Verse 26
26. And after my skin That is, when my skin is no more. “After” can only be a preposition (See Hirtzel in loc.) If, as some prefer, it be read adverbially, we shall have, And after they have thus destroyed my skin. But there are greater difficulties in this than in the reading of the Authorized Version.
Destroy this So many and varied are the agencies that destroy the body that they are not enumerated. The Orientals, however, were of the opinion that worms were the principal cause of its destruction. They say according to Roberts that the life is first destroyed by them and afterwards the body. The word נקפ , in the Piel rendered destroy, in the Arabic ( nakafa) signifies to smash or crush the head. It is one of the most powerful words in the Semitic languages to express complete destruction.
This Though not expressed, the allusion is evidently to the body.
Yet “Yet” ( ו ) is adversative. (See Nordheimer, 2:294.)
In my flesh From my flesh. The word min, from, is supposed by some to mean without; apart from, and is thus given by Conant, Zockler in Lange, Ewald, etc. But Pusey and Perowne are right when they say that מן can no more, of itself, mean “without” than our word “from.” At the same time, the grammatical construction justifies the sense of in.

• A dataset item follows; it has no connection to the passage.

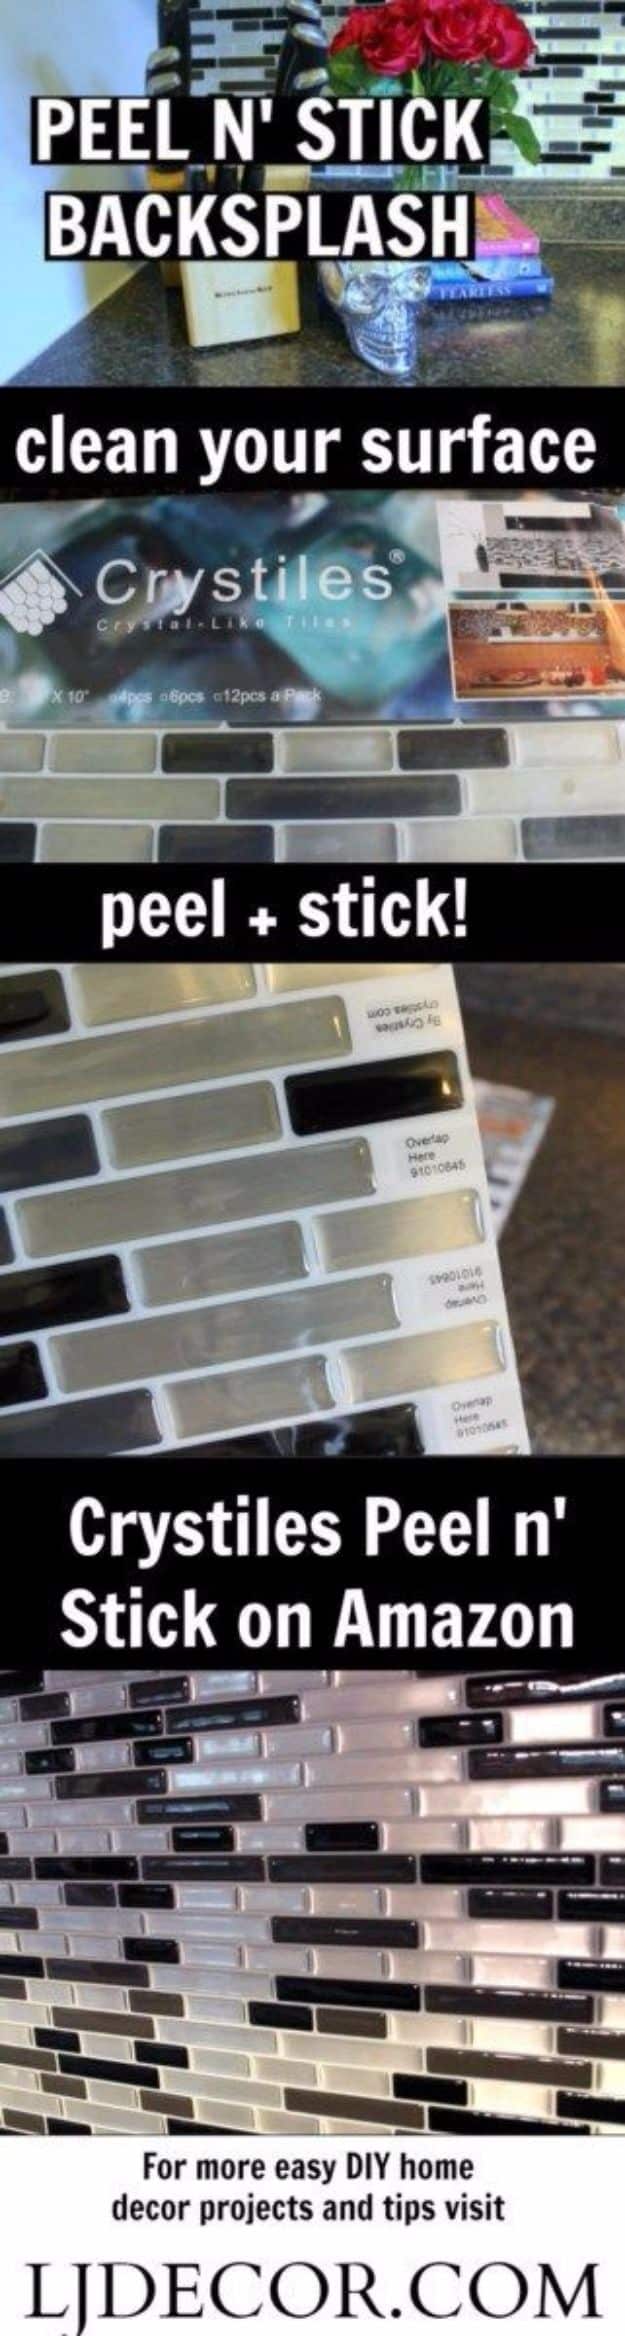 DIY Remodeling Hacks - DIY Peel N' Stick Backsplash Tiles - Quick and Easy Home Repair Tips and Tricks - Cool Hacks for DIY Home Improvement Ideas - Cheap Ways To Fix Bathroom, Bedroom, Kitchen, Outdoor, Living Room and Lighting - Creative Renovation on A Budget - DIY Projects and Crafts by DIY JOY #remodeling #homeimprovement #diy #hacks

Thus Rosenmuller, Kosegarten, Welte, Clarke, Carey, Noyes, Wordsworth, etc.: also the Vulgate, the Targum, (Walton’s rendering,) etc. The use of the word min, from, in the sense of in, is by no means alien to the Hebrew. This is especially the case in connexion with verbs of speaking, hearing, seeing, etc. The place from which the observer looks is invariably connected with the verb by the word from. A like remark holds good of the other senses. (GESENIUS, Thesaurus, p. 804.) Thus Sol. Song, (Song of Solomon 2:9,) “he looketh forth at,” (literally, from,) “the windows.” Comp. 2 Chronicles 6:21. Eastward, i.e., in the east, (Genesis 2:8,) is literally from the east. Besides, Job freely uses at least five other prepositions to express without, either one of which would have been better to convey the idea of without than the min before us. For instance, (Hebrew text,) Job 4:11; Job 4:20-21; Job 6:6; Job 7:6; Job 8:11; Job 24:7; Job 24:10; Job 30:8; Job 30:28; Job 31:19; Job 31:39; Job 33:9; Job 34:6; Job 34:20; Job 38:2; Job 38:41; Job 39:16; Job 41:33. Thrice, indeed, elsewhere in Job, min occurs in a privative sense, (Job 3:19; Job 11:15; Job 21:9,) which, however, can hardly be regarded as parallel cases. If Job speaks of beholding God with his bodily eyes after that body has been destroyed, it must be from a new body. The subsequent beholding of God with his eyes, (“ mine eyes,”) identifies it with the body he then had, the body to which he had before pointed with the deictic this. The unbiased interpretation of this passage discloses substantially the elements of the doctrine of the resurrection, even though their full meaning may have been hidden from Job. See Excursus V.